Gracias a su paso por la Escuela Alemana, Benedetti empezó utilizando la lengua de Goethe como puerta de la literatura. Casi sin proponérselo, se convirtió en traductor de Kafka y obsequió a sus lectores con la obra del gran escritor nacido en Praga, hasta convertirlo en la voz de la centuria, frente a otros, como Proust o Joyce. Dejó de lado sus propias traducciones de El Castillo y El Proceso para tomar de Kafka aspectos aparentemente fragmentarios, como los aforismos, las anotaciones, las cartas o las parábolas, hasta situar su podio por delante de Celan y de Joseph Roth. (Para satisfacer su curiosidad les propongo que lean el mini-cuento de Benedetti, Mucho gusto, sobre el encuentro, en una barra de bar, entre un viajante de comercio y el propio Kafka). Durante toda su vida se sintió barrido por aquel genuino representante de la soledad del intelectual desterritorializado –Kafka exiliado del judaísmo–, un destino que alcanzó también al uruguayo en el momento de su exilio político durante una década, a partir del golpe del general Stroessner, en Uruguay, en 1973.

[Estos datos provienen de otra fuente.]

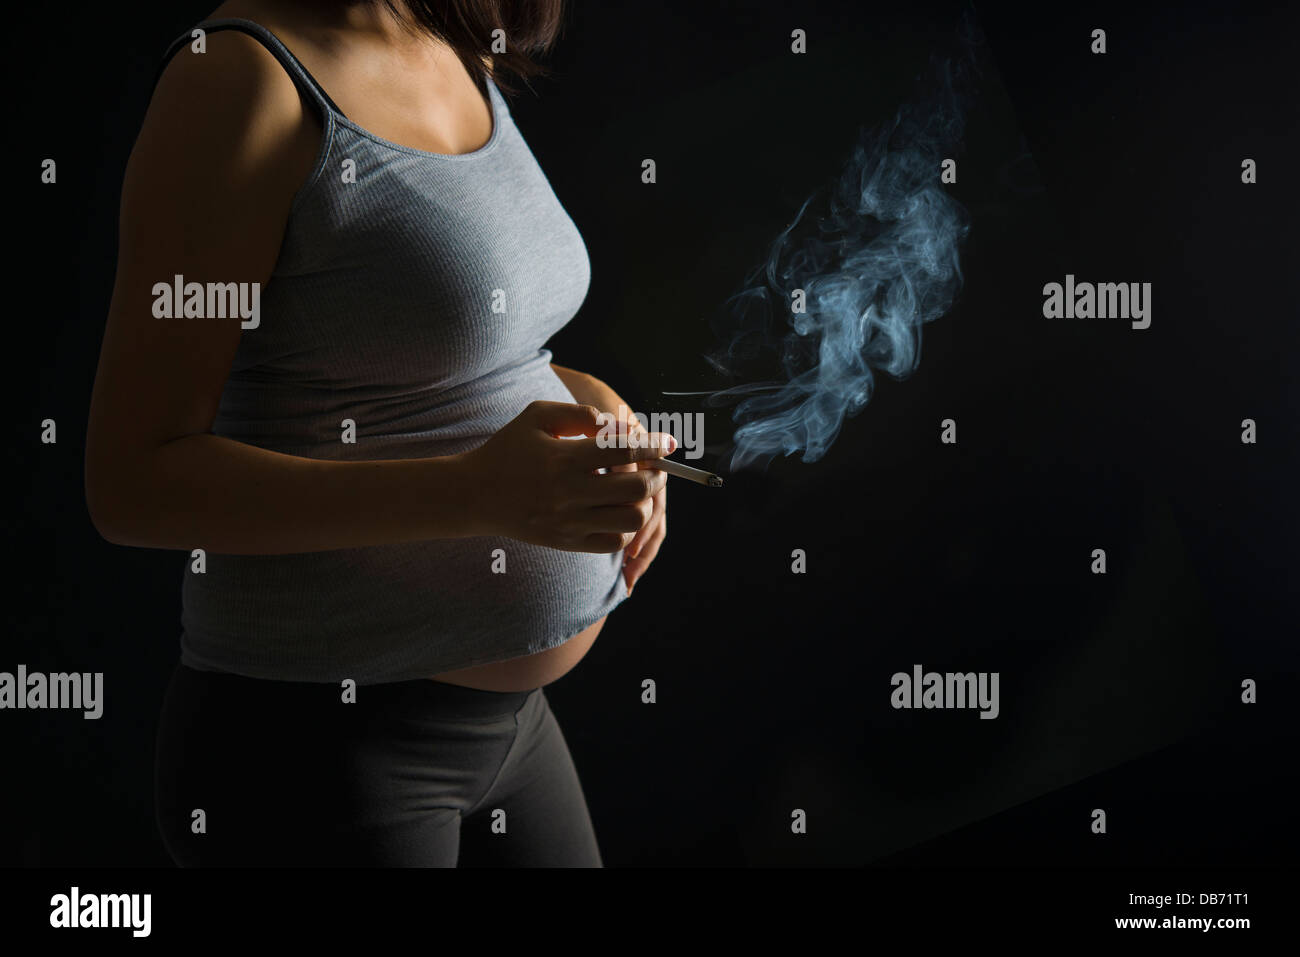 Fumeur mère enceinte sur un plus de lumière sombre dramatique Banque D'Images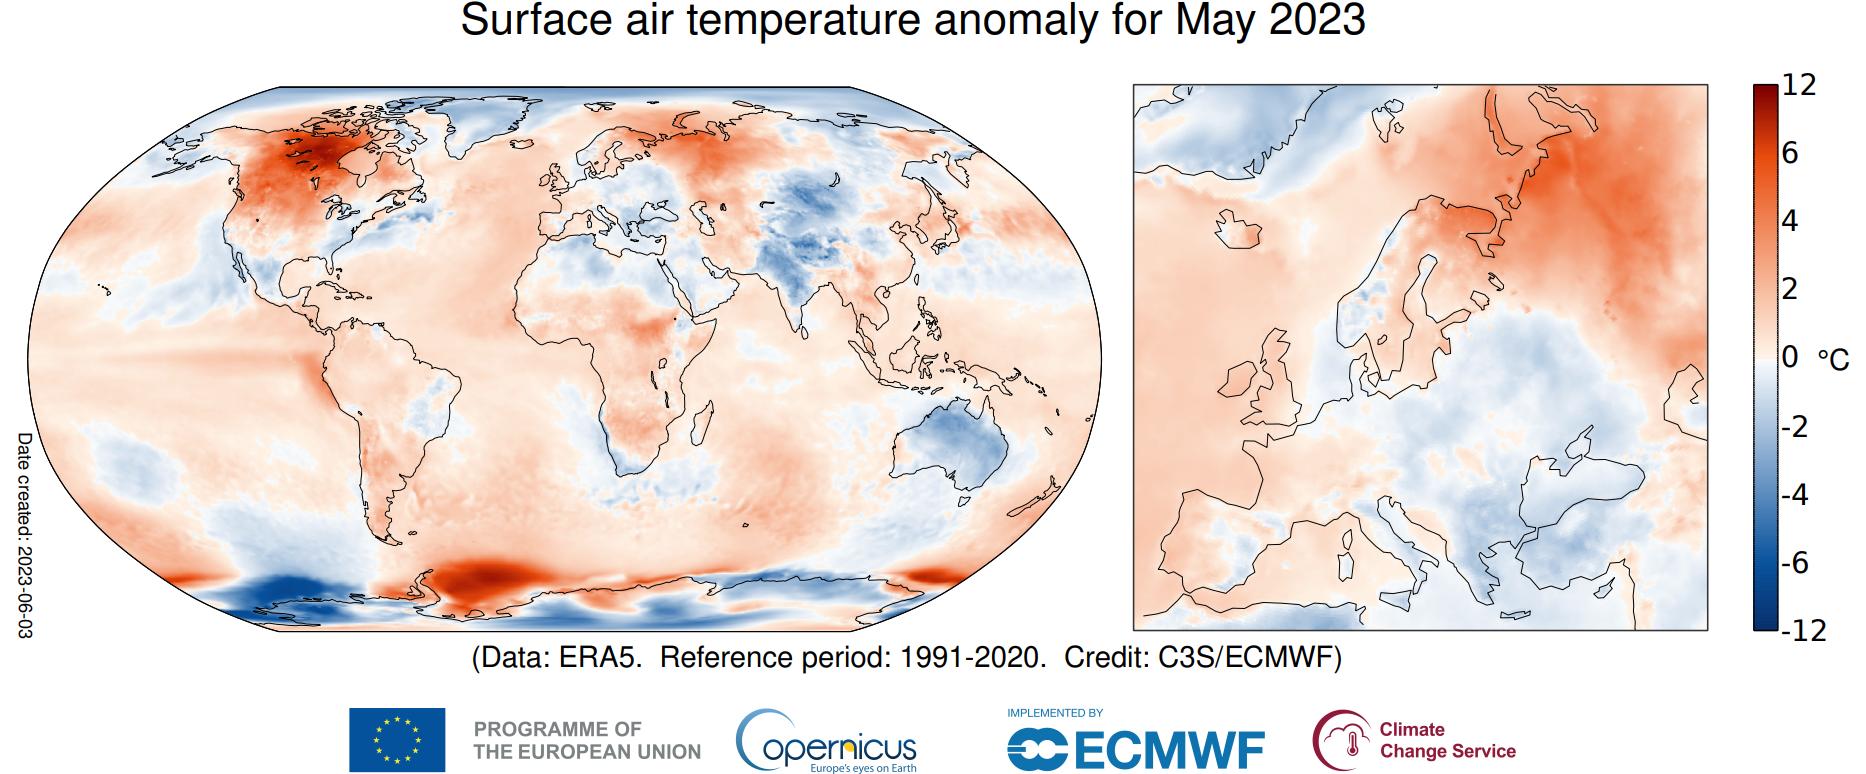 Anomalia da temperatura do ar à superfície para maio de 2023 em relação à média no período 1991-2020. Fonte: Copernicus Climate Change Service/ECMWF

El júbilo de Benedetti nació de su convicción de que el muro del poder solo sería superable con el filtro de la palabra. El bardo hoy vindicado publicó 80 libros, 60 de los cuales son recopilaciones poéticas. Fue uruguayo hasta el día en que dejó el departamento de Literatura Hispanoamericana, en la Facultad de Humanidades y Ciencias de Montevideo, para marcharse de su país abominando de sus ilícitos jerarcas. Sobrevolando el Atlántico, se dio cuenta de que su voz era un eco en Hispanoamérica entera, como quedó claro en aquel disco, El Sur también existe, musicalizado por Serrat, celebrado por su biógrafa, Hortensia Campanella –Mario Benedetti, un mito discretísimo (Alfaguara)- y revelado por Saramago como un dolor que no “se adormece”.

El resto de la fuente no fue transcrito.